第9章

更新时间:2026-03-06 00:21:09

子时的梆子声从远处传来,沉闷而悠长,在寂静的夜色中格外清晰。

林砚之换上一身半旧的青色长衫——既不引人注目,也不失读书人的体面。他将那封已经烧成灰烬的信件又检查了一遍,确认没有任何痕迹留下,这才吹灭油灯,轻轻推开门,消失在夜色之中。

京城的深夜,与白日判若两城。热闹的街市早已空无一人,只有偶尔巡逻的兵卒提着灯笼走过,脚步声在青石板路上回响。林砚之贴着墙根行走,避开那些巡逻的兵卒,一路向南,朝着醉仙楼的方向而去。
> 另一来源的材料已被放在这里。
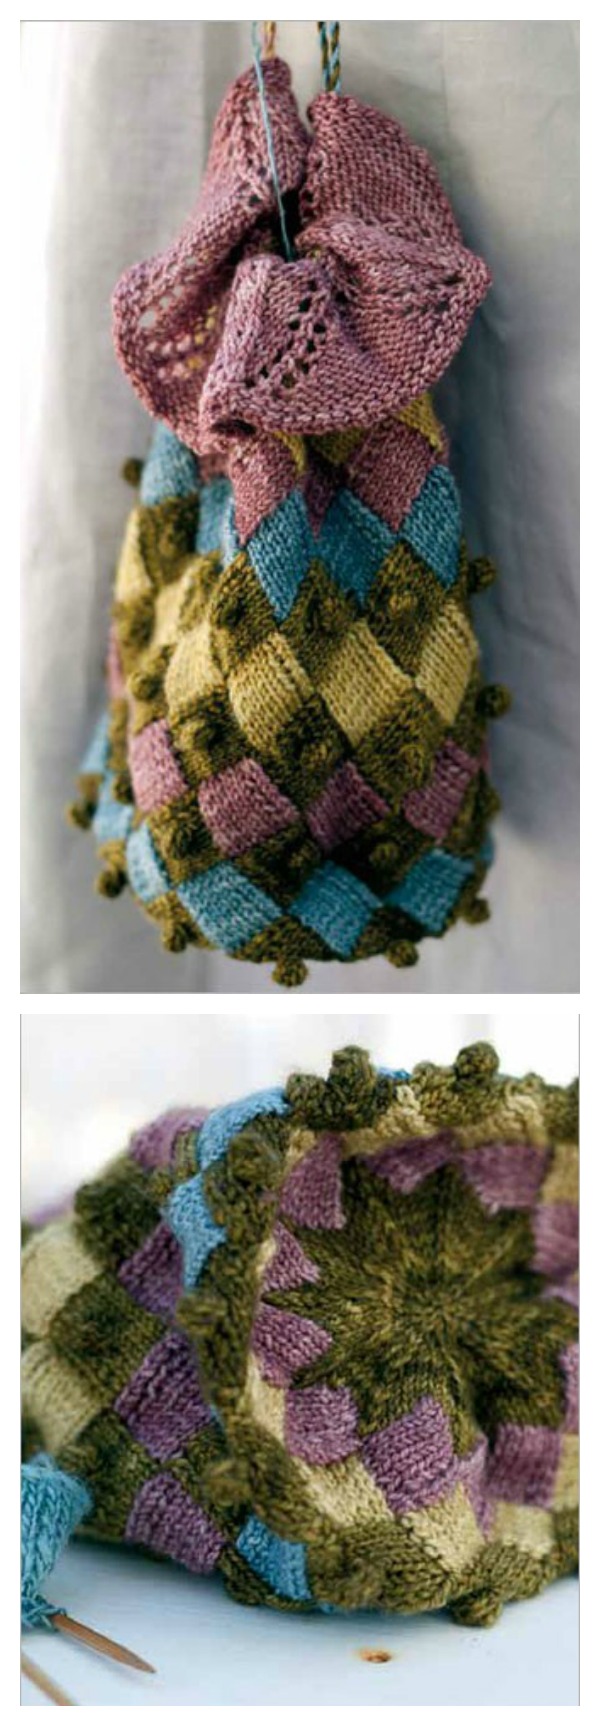 Entrelac Bag with Bobble Trim Knitting Pattern - Cool ...
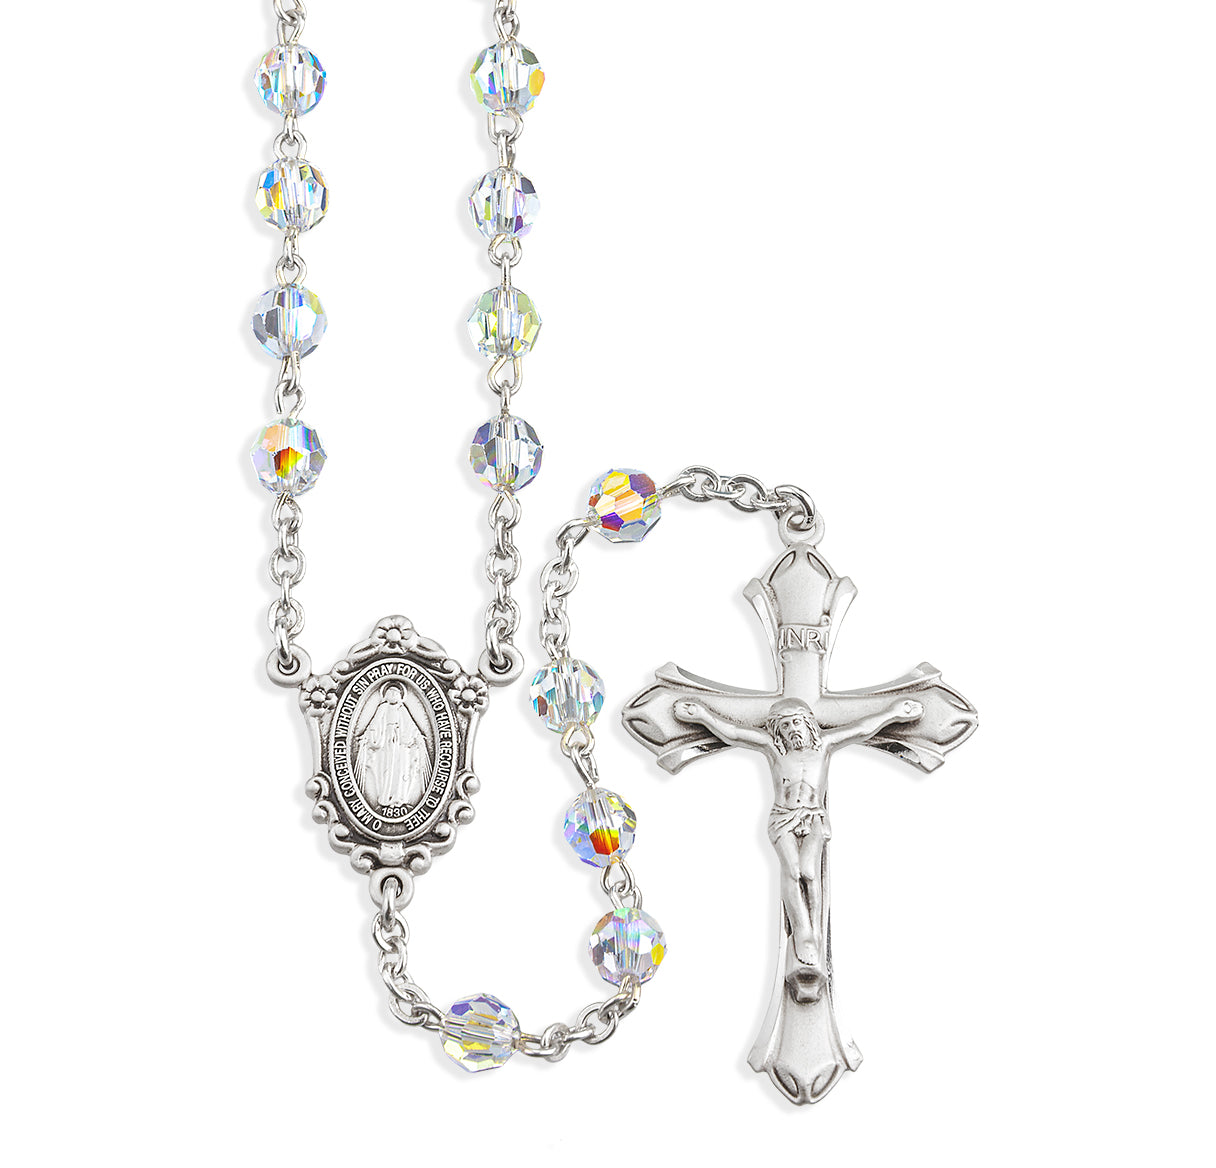 Rosary Sterling Crucifix and Centerpiece Created with Swarovski Crystal 6mm Faceted Round Aurora Borealis Beads by HMH

醉仙楼位于城南,是京城有名的酒楼,白日里人来人往,热闹非凡。但此刻,整座楼却笼罩在一片黑暗之中,只有三楼的一个窗户,透出微弱的灯光。

林砚之走到楼下,轻轻叩了三下门。门“吱呀”一声打开,一个中年伙计探出头来,看了他一眼,低声道:“林公子?请随我来。”

林砚之跟着那伙计,沿着漆黑的楼梯,一路来到三楼。伙计在一间雅间门前停下,轻轻敲了敲门,说道:“老爷,客人到了。”

门从里面打开,苏洵站在门口,朝他微微点头。林砚之闪身进屋,门在身后轻轻关上。

雅间不大,陈设简单雅致。一张方桌,两把椅子,桌上摆着一壶茶、两只茶杯,还有一盏油灯,灯火微弱,将屋内的一切都笼罩在一片昏黄的光晕中。

苏洵示意他坐下,亲自倒了一杯茶递给他,说道:“深夜相召,可有不便?”

林砚之双手接过茶杯,恭声道:“苏大人言重了,晚辈自当赴约。”

苏洵点了点头,沉默片刻,说道:“今日朝中,发生了大事。”

林砚之心头一紧,静静等待下文。

苏洵看着他,目光深邃,缓缓说道:“证人之死,查出来了——是中毒而亡。毒下在饭菜里,送饭的狱卒,今早被发现死在家中,也是中毒。”

林砚之瞳孔微缩,沉声道:“灭口?”

苏洵点了点头,又摇了摇头,说道:“表面上是灭口,但背后,没那么简单。那狱卒死前,留下了一封遗书,说是受礼部李尚书指使,毒死证人,以绝后患。”

林砚之眉头紧皱,说道:“李尚书指使?这……”

苏洵冷笑一声,说道:“你也觉得不对,是不是?李尚书若是要灭口,何必等到证人入狱?何必找一个狱卒,留下这么大一个把柄?更何况,那狱卒的遗书,笔迹工整,措辞严密,分明是有人写好,逼他抄录的。”

林砚之心中凛然,说道:“有人栽赃?”

苏洵点了点头,说道:“栽赃之人,手段狠辣,心思缜密。一石二鸟——既灭了证人的口,断了线索,又将李尚书置于死地。如今,李尚书已经被押入大理寺大牢,等候审讯。而太子这边,也因此事受到牵连,圣上已有不满之意。”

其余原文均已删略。